## What you are asked to do:
With pictures excluded, give again exactly the lines running from the one holding "Herren Jeans in weiß online kaufen | OTTO" through the end of the listing below.

## Given data:
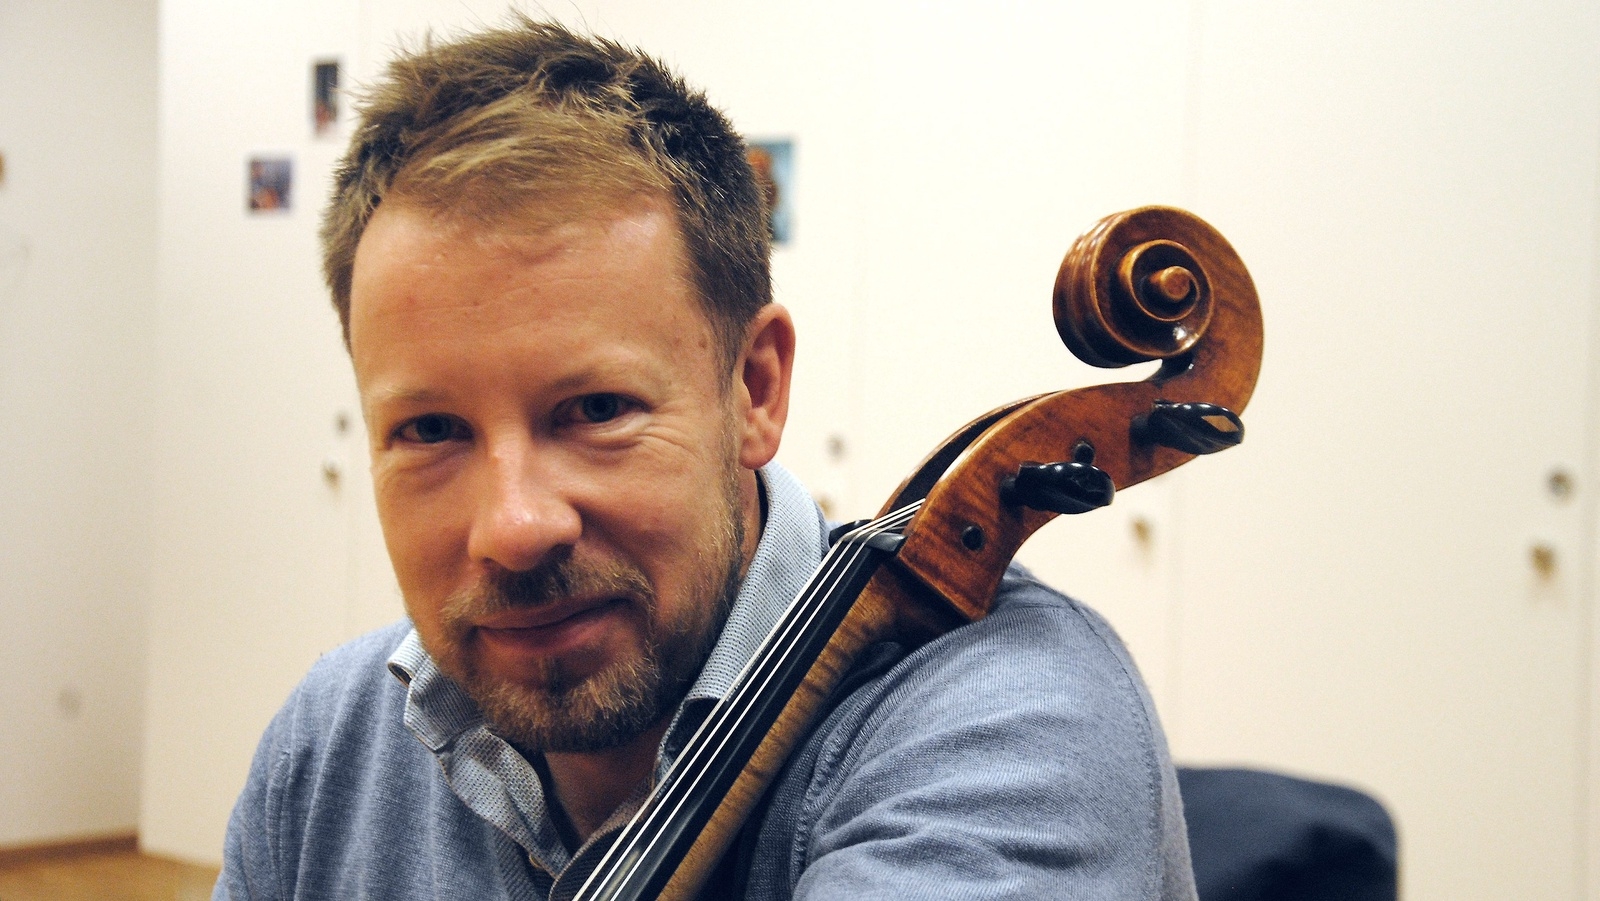 Många stråkmusiker vill spela på riktigt gamla instrument – Samuli Örnströmer har valt att spela på en nytillverkad cello.
Foto: Håkan Jacobsson
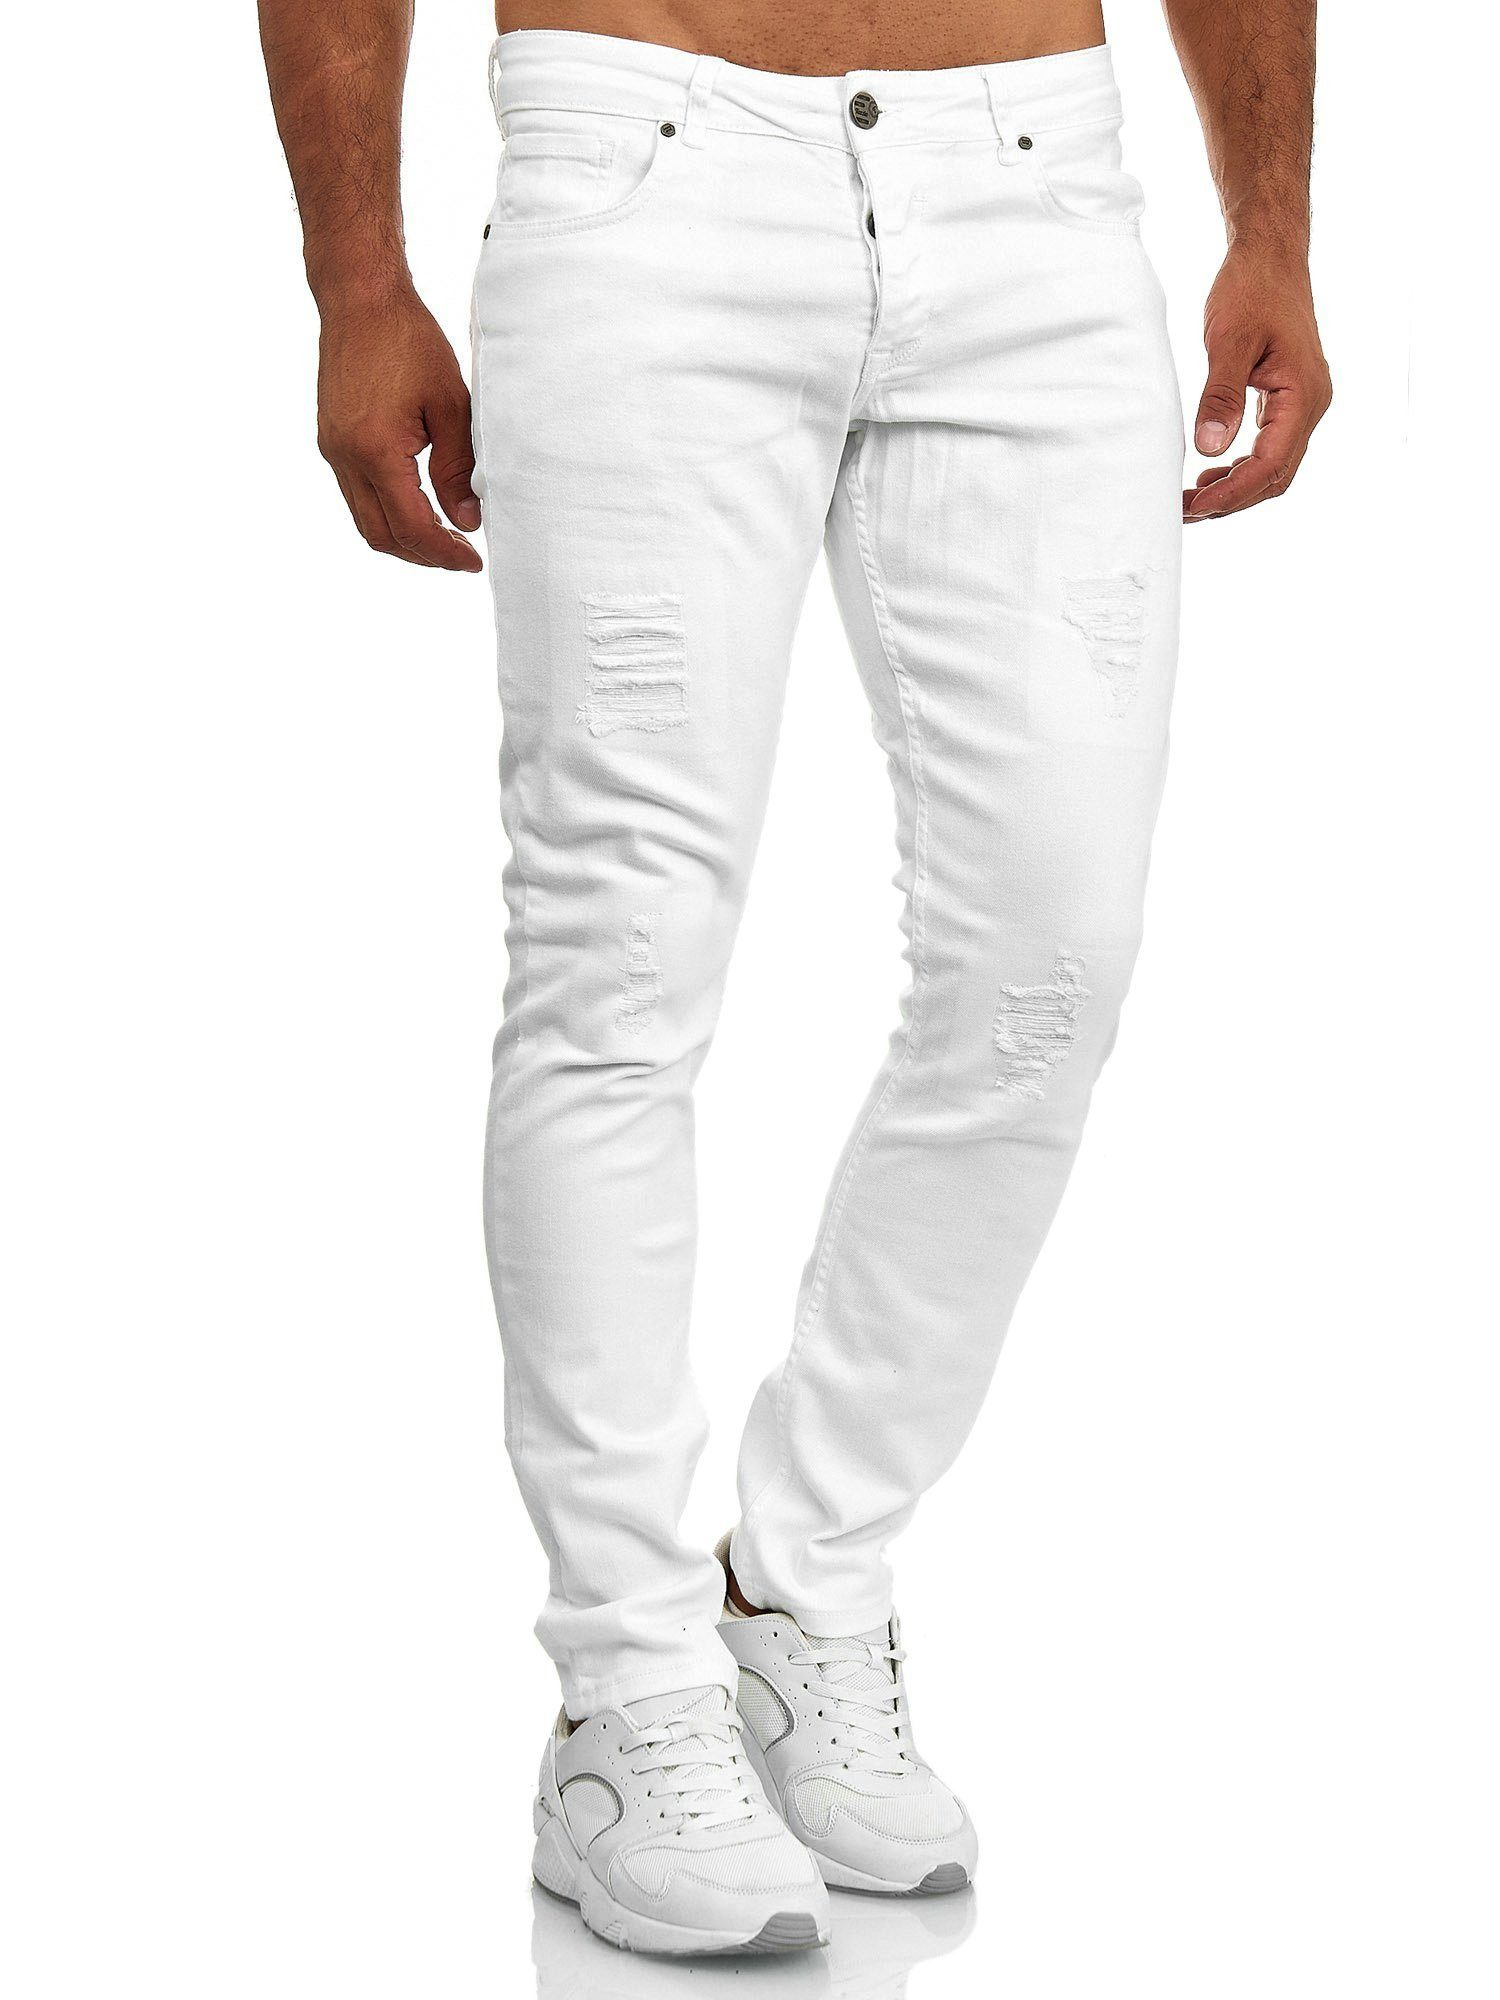 Herren Jeans in weiß online kaufen | OTTO
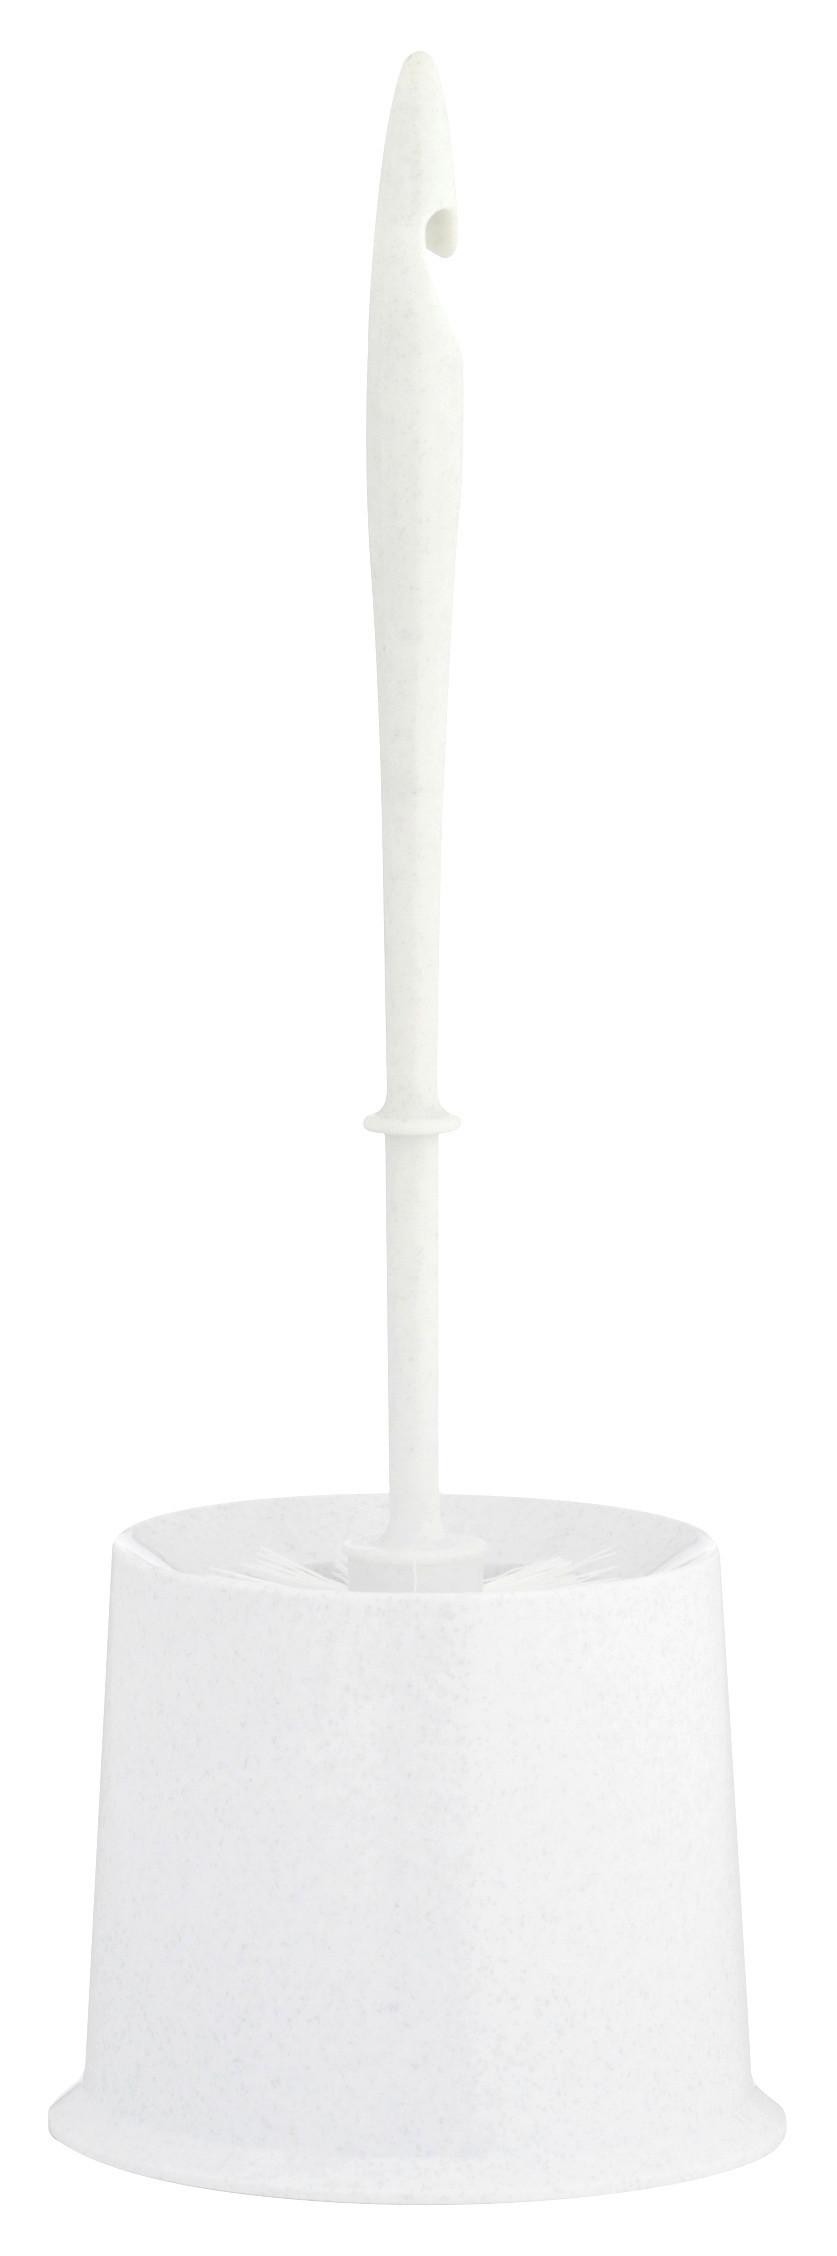 WC-Bürstengarnitur Fenja aus Kunststoff, Weiß - Weiß, KONVENTIONELL, Kunststoff (14/39cm)

## Written solution:
 Herren Jeans in weiß online kaufen | OTTO
 WC-Bürstengarnitur Fenja aus Kunststoff, Weiß - Weiß, KONVENTIONELL, Kunststoff (14/39cm)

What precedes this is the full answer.